Task objective –
The reply is to contain the full listing, repeated exactly, with pictures left out.

== Source data

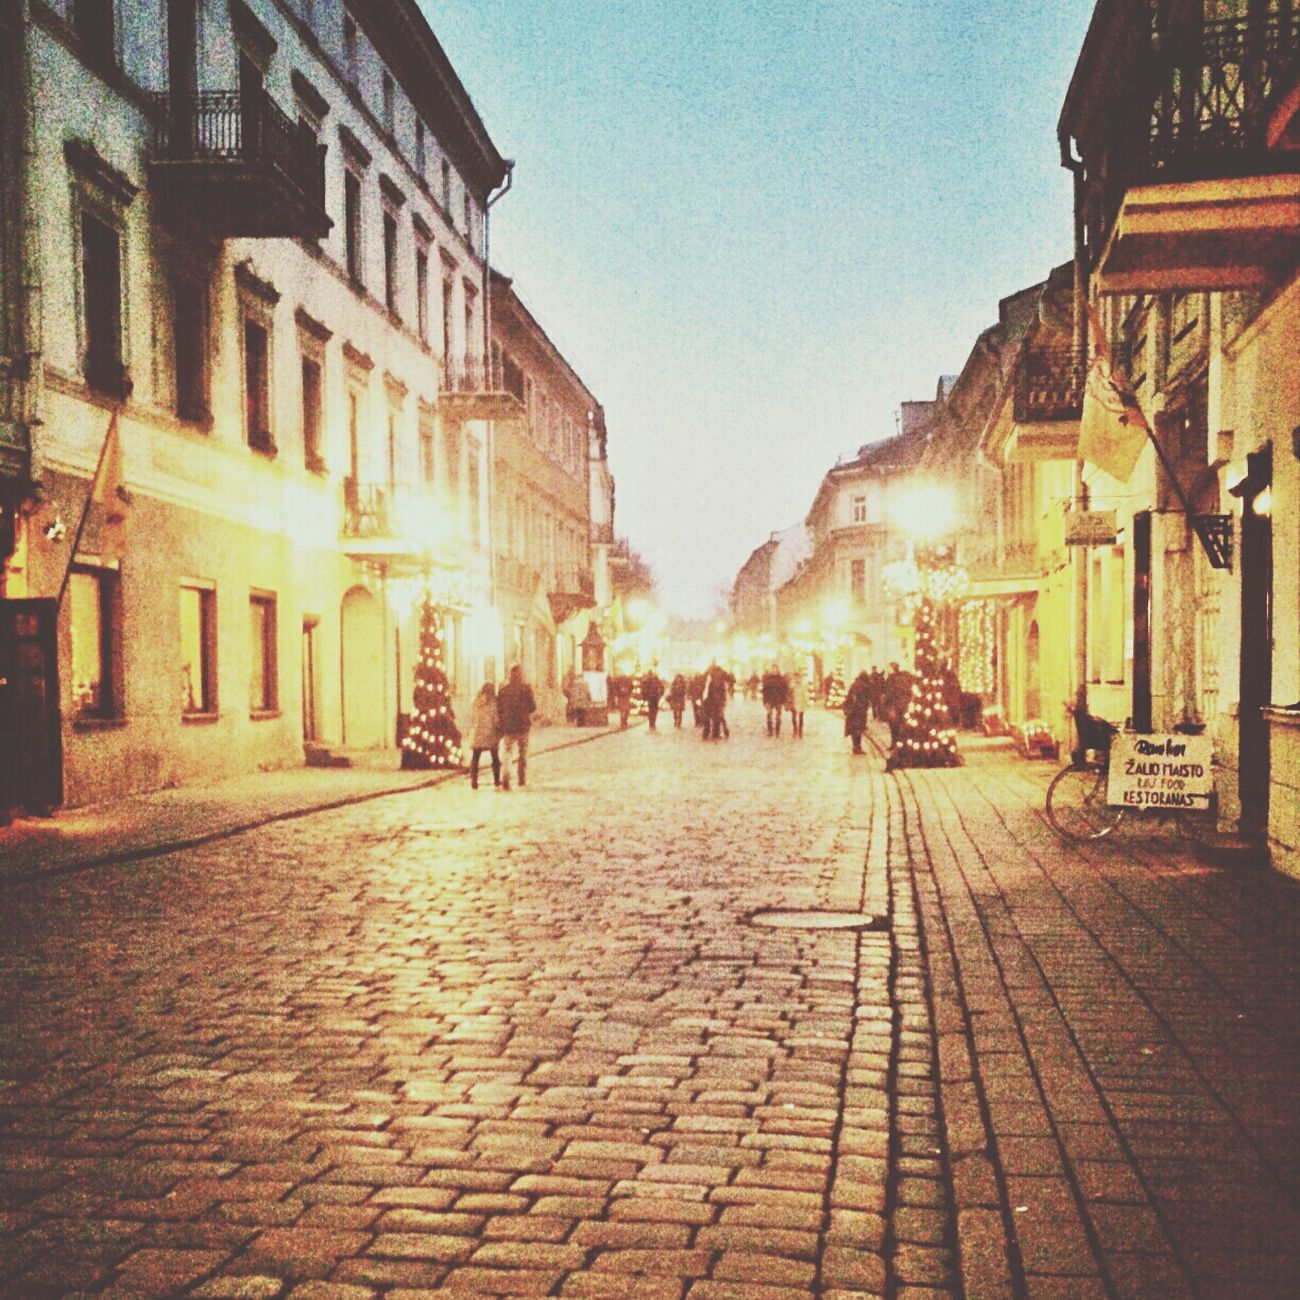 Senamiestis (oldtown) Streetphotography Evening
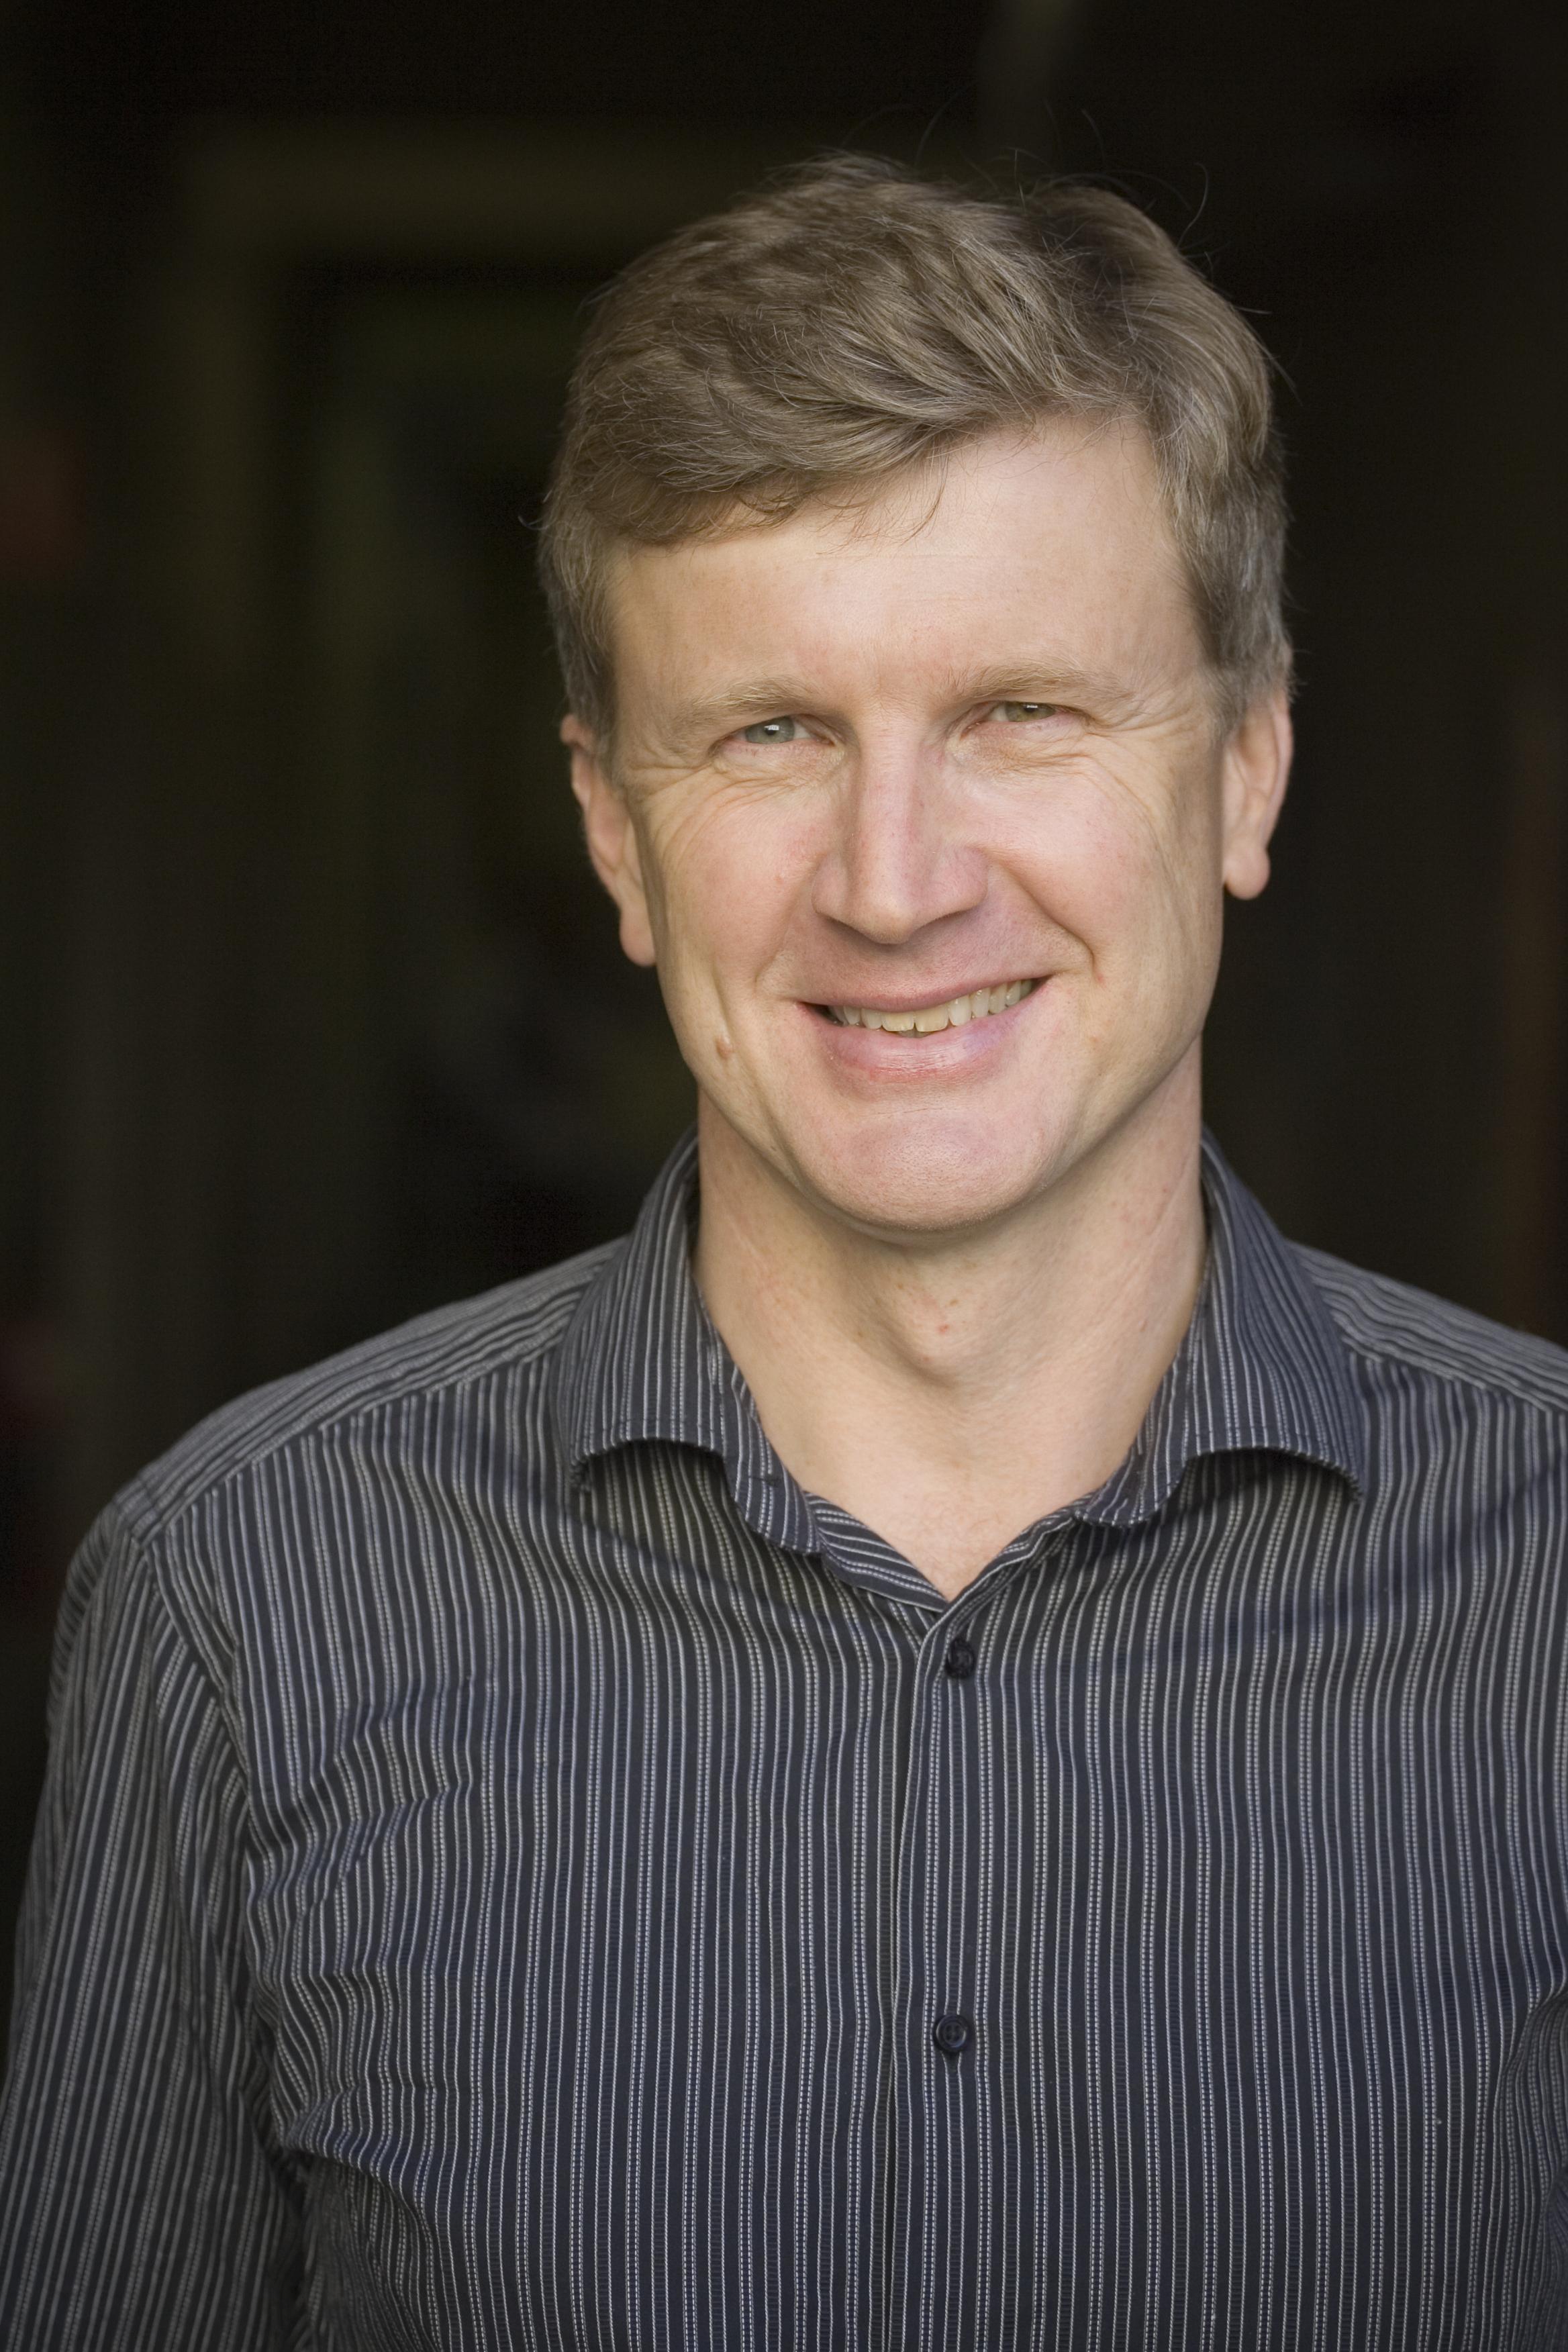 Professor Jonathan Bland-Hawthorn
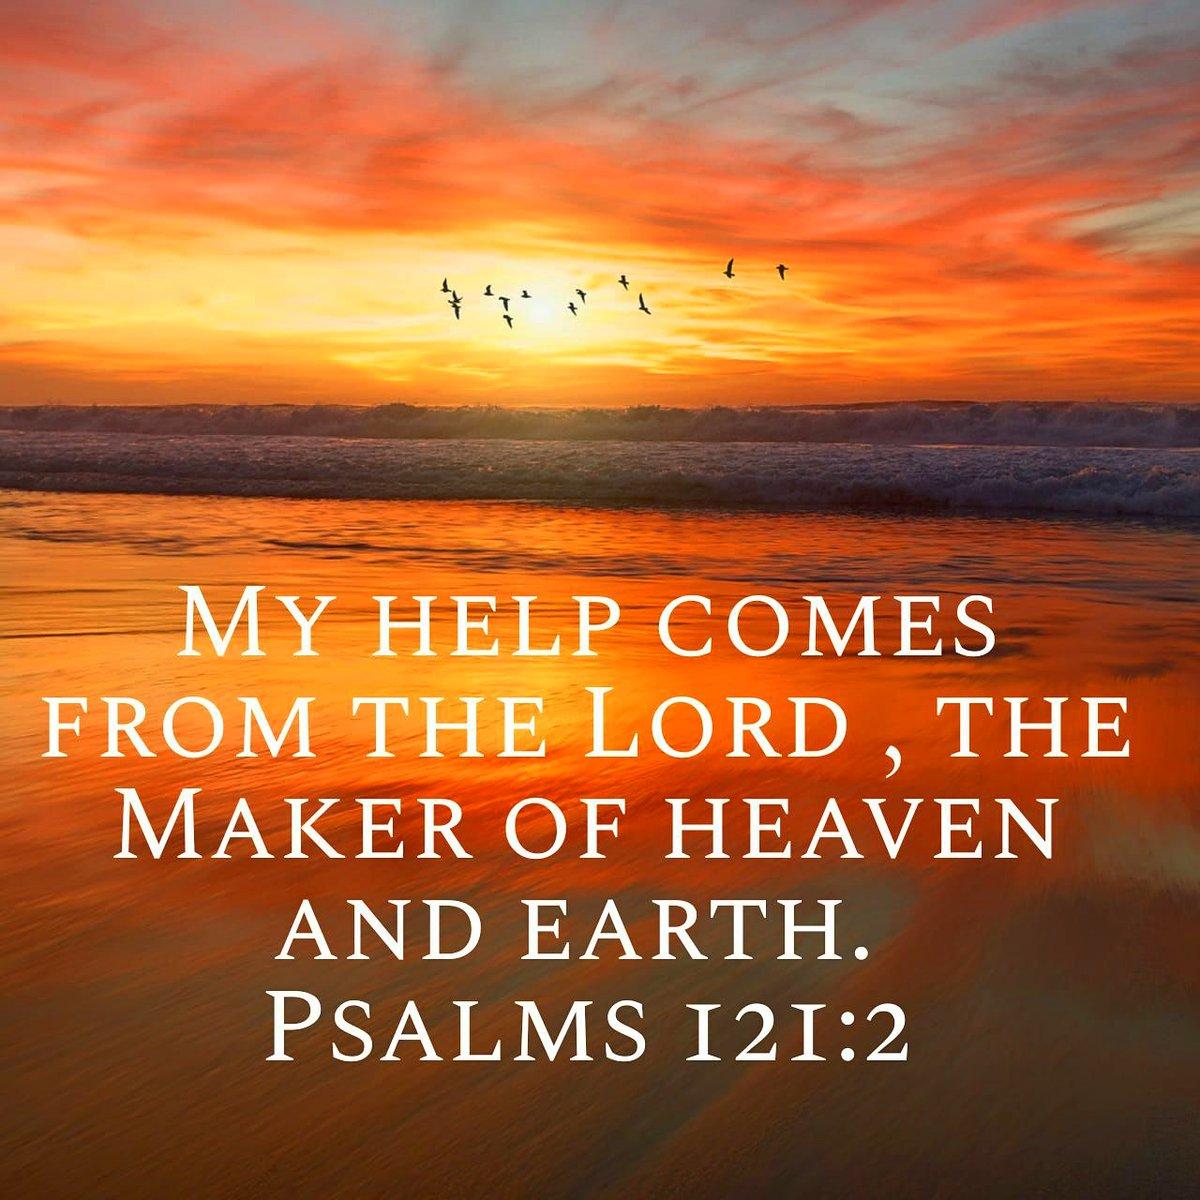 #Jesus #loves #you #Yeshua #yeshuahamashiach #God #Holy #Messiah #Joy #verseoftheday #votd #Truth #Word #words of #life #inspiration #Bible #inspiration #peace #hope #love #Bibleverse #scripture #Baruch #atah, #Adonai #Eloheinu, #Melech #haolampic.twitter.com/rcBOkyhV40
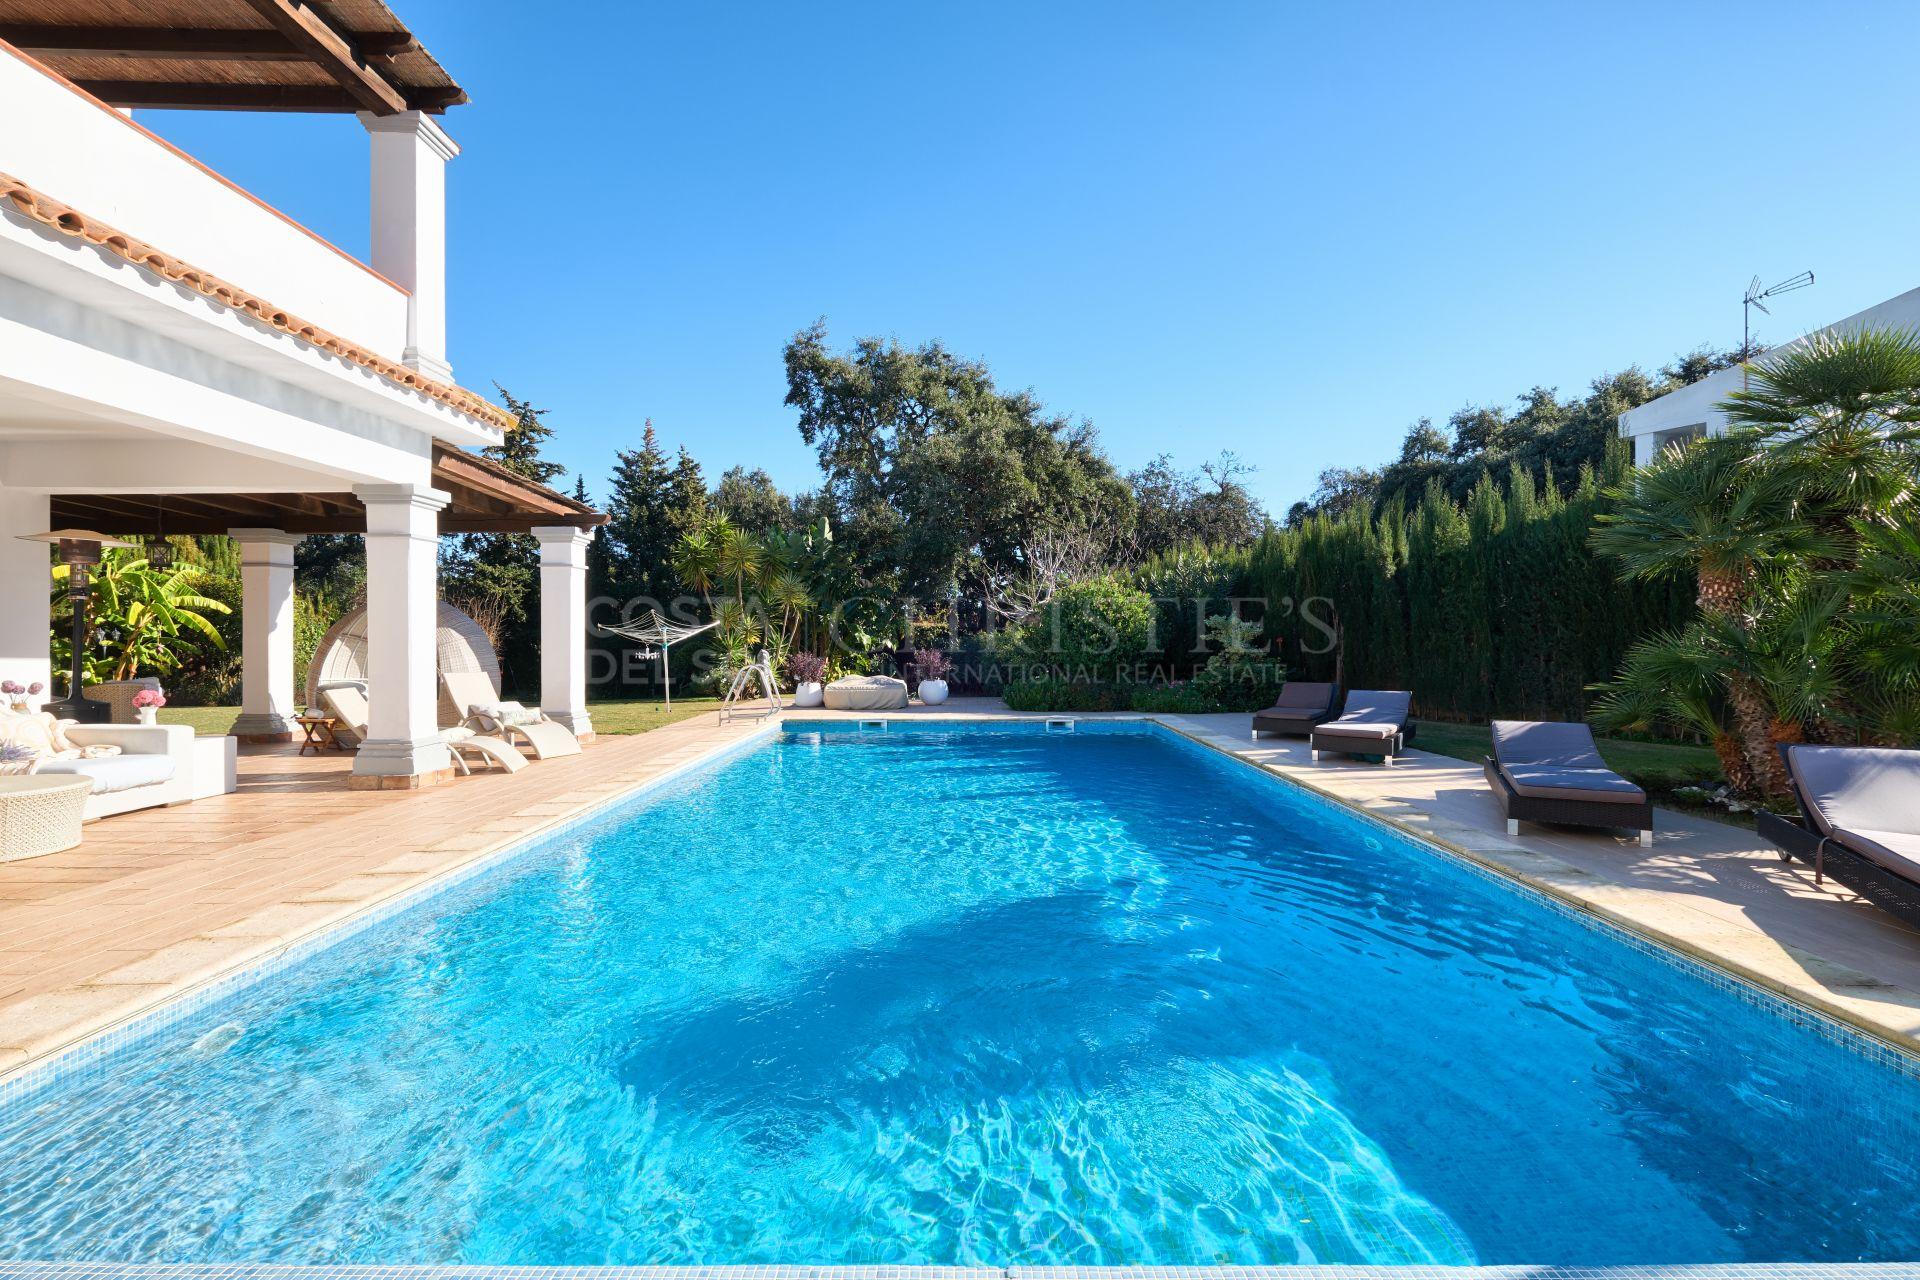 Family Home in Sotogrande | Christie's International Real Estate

====

Answer space –
 Senamiestis (oldtown) Streetphotography Evening
 Professor Jonathan Bland-Hawthorn
 #Jesus #loves #you #Yeshua #yeshuahamashiach #God #Holy #Messiah #Joy #verseoftheday #votd #Truth #Word #words of #life #inspiration #Bible #inspiration #peace #hope #love #Bibleverse #scripture #Baruch #atah, #Adonai #Eloheinu, #Melech #haolampic.twitter.com/rcBOkyhV40
 Family Home in Sotogrande | Christie's International Real Estate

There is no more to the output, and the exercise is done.